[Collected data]
————

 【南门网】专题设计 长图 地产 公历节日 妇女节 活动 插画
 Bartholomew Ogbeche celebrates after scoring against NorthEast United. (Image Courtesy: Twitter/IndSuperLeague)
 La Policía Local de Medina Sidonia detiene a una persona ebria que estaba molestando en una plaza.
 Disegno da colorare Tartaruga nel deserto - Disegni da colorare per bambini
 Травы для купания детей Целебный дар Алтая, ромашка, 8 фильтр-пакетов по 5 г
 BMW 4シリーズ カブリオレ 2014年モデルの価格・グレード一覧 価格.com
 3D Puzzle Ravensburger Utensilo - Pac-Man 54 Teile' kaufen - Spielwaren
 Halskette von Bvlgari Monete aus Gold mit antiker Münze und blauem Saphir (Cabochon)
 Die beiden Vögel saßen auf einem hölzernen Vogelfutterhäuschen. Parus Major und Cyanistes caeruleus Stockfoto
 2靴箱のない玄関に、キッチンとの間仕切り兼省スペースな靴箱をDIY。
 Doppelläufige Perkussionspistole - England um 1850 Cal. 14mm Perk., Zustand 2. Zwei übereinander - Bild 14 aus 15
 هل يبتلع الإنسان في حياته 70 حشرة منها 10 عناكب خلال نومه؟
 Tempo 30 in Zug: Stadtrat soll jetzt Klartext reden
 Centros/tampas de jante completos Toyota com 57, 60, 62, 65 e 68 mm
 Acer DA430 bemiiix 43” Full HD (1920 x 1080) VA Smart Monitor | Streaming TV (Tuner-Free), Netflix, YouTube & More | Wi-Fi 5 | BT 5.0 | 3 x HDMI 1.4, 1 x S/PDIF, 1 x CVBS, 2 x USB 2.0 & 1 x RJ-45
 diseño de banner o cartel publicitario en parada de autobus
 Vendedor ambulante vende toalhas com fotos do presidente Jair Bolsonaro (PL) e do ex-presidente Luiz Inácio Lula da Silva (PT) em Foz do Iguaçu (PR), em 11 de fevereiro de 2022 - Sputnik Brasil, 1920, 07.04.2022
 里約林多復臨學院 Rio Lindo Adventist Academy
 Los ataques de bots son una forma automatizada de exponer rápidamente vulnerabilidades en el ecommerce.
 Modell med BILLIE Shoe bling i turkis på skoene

————

§ Aim of the task: Starting with the line above that holds "Bartholomew Ogbeche celebrates" and stopping with the line that holds "Die beiden Vögel", reproduce each line exactly, omitting all other lines.

§ Problem solution:
 Bartholomew Ogbeche celebrates after scoring against NorthEast United. (Image Courtesy: Twitter/IndSuperLeague)
 La Policía Local de Medina Sidonia detiene a una persona ebria que estaba molestando en una plaza.
 Disegno da colorare Tartaruga nel deserto - Disegni da colorare per bambini
 Травы для купания детей Целебный дар Алтая, ромашка, 8 фильтр-пакетов по 5 г
 BMW 4シリーズ カブリオレ 2014年モデルの価格・グレード一覧 価格.com
 3D Puzzle Ravensburger Utensilo - Pac-Man 54 Teile' kaufen - Spielwaren
 Halskette von Bvlgari Monete aus Gold mit antiker Münze und blauem Saphir (Cabochon)
 Die beiden Vögel saßen auf einem hölzernen Vogelfutterhäuschen. Parus Major und Cyanistes caeruleus Stockfoto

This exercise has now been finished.